I cleared my throat and took her hand from my arm as I turned. “Do you have any idea who might have murdered your mother and would wish your niece harm?”

“I wasn’t that good a daughter, and I haven’t been that good of an aunt. I should have kept closer track of Lana, but I’m afraid she’s a little headstrong. The whole Basque thing . . .”

“Basque thing?”

She placed a synthetic fingernail across a mouth I was sure wasn’t finished speaking. “I think she may have been involved with some political activities when she was over there at culinary school.” She said over there as though it were a venereal disease.

I tried hard to not roll my eyes. “Hmm . . . ETA?”

“Yes.” She clutched my hand with both of hers, and it was starting to seem more like a wrestling match than an interview. “I’m afraid that she might have gotten involved with some sordid characters while she was in Europe. It could be that they are interested in Mother’s money.”

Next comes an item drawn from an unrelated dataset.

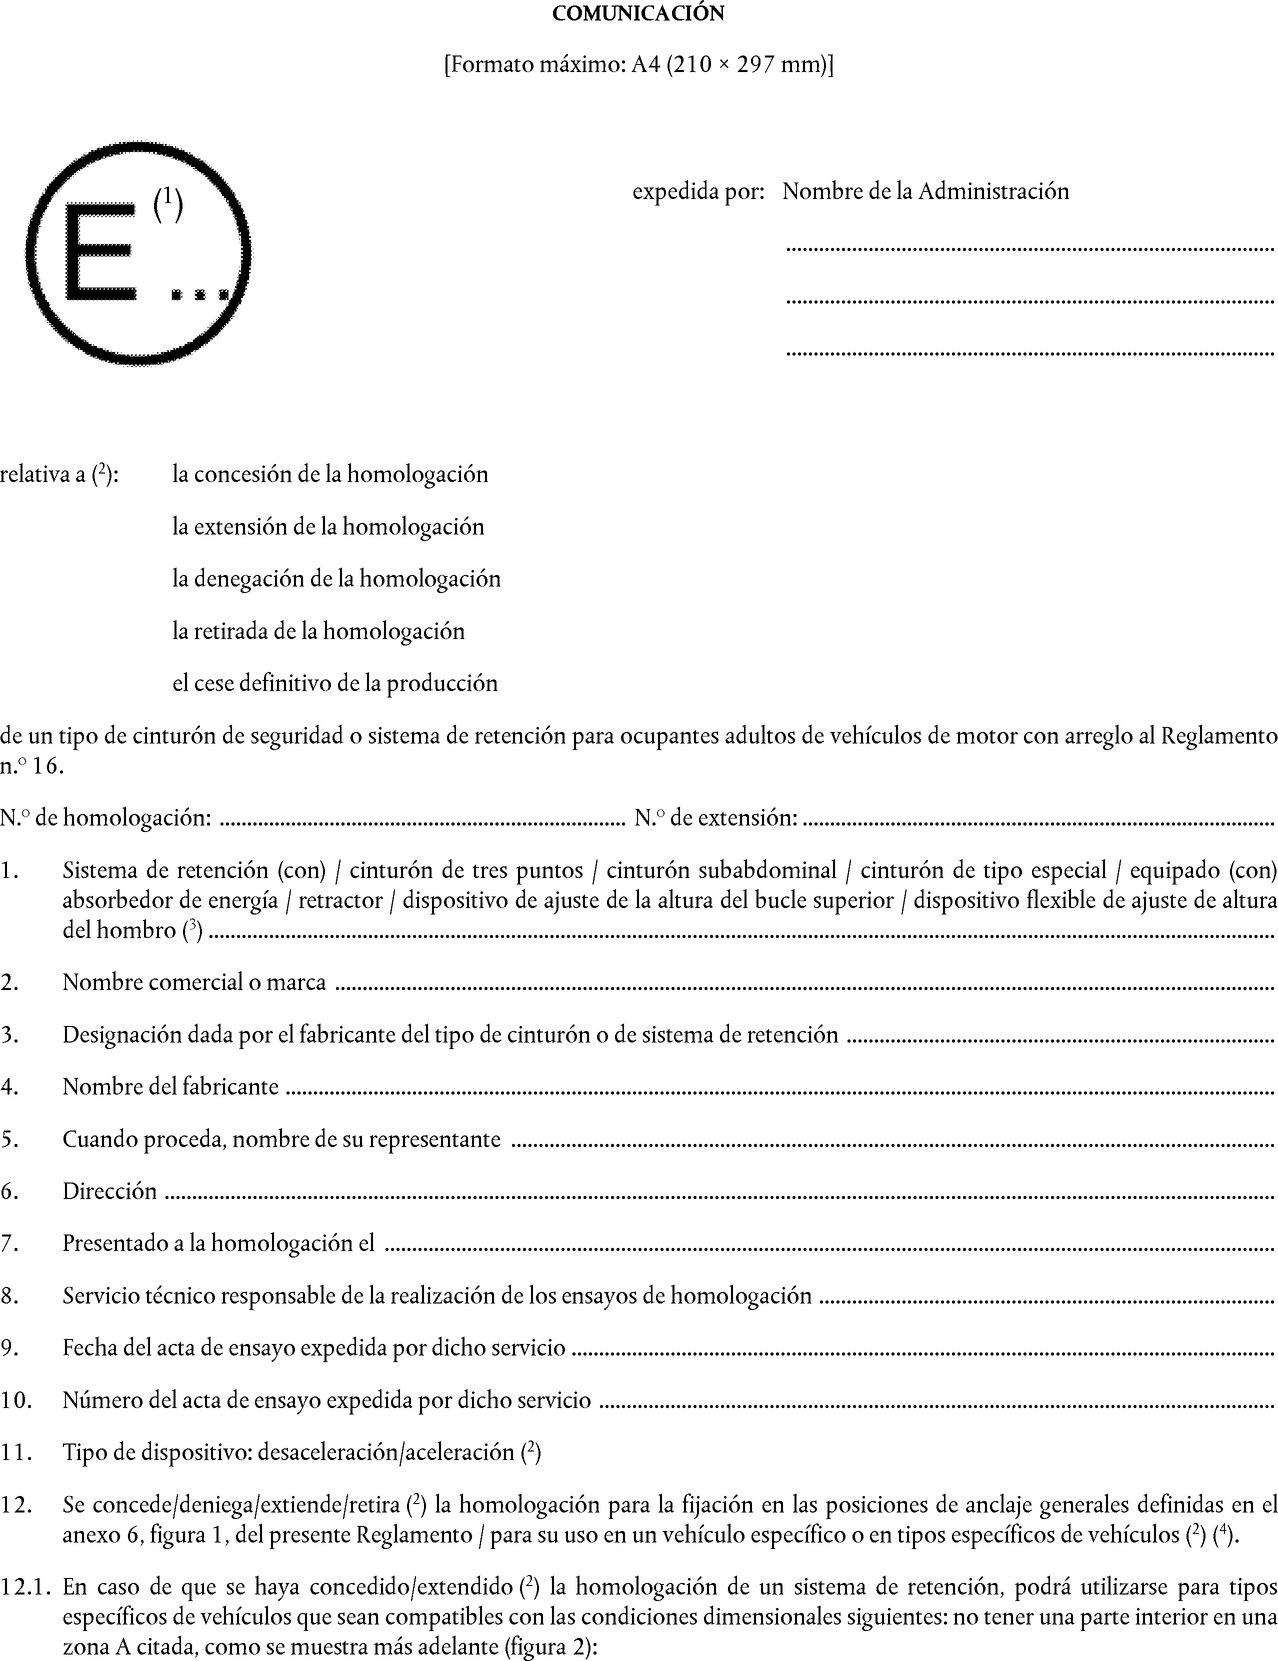 EUR-Lex - 42018X0629 - EN - EUR-Lex

“I see.” I let the dust settle on that one and tried to reconcile Lana as the naïve innocent with Lana the intriguing terrorist and couldn’t.

* * *

I went back to the office to see if Bill Wiltse had faxed the picture of Leo Gaskell, but Leo didn’t fit as Charlie Nurburn’s illegitimate mystery child. That child had been born in 1950, which meant he’d be in his midfifties. Leo Gaskell was in his thirties. But someone poisoned Mari Baroja, someone tried to kill Isaac, someone tried to bludgeon Lana Baroja to death, and someone had tried to kill Lucian.

Someone was killing everybody who knew or thought that Charlie Nurburn was dead. Maybe they thought that they could get money from Mari’s estate if Charlie could be shown to be alive. Illegitimate children could not inherit, but Cady had mentioned that in Wyoming a husband could claim half of an estate, even if he was not in a Will or Trust, as an elective share. Maybe they wanted him alive for that purpose and then they could kill him off and inherit?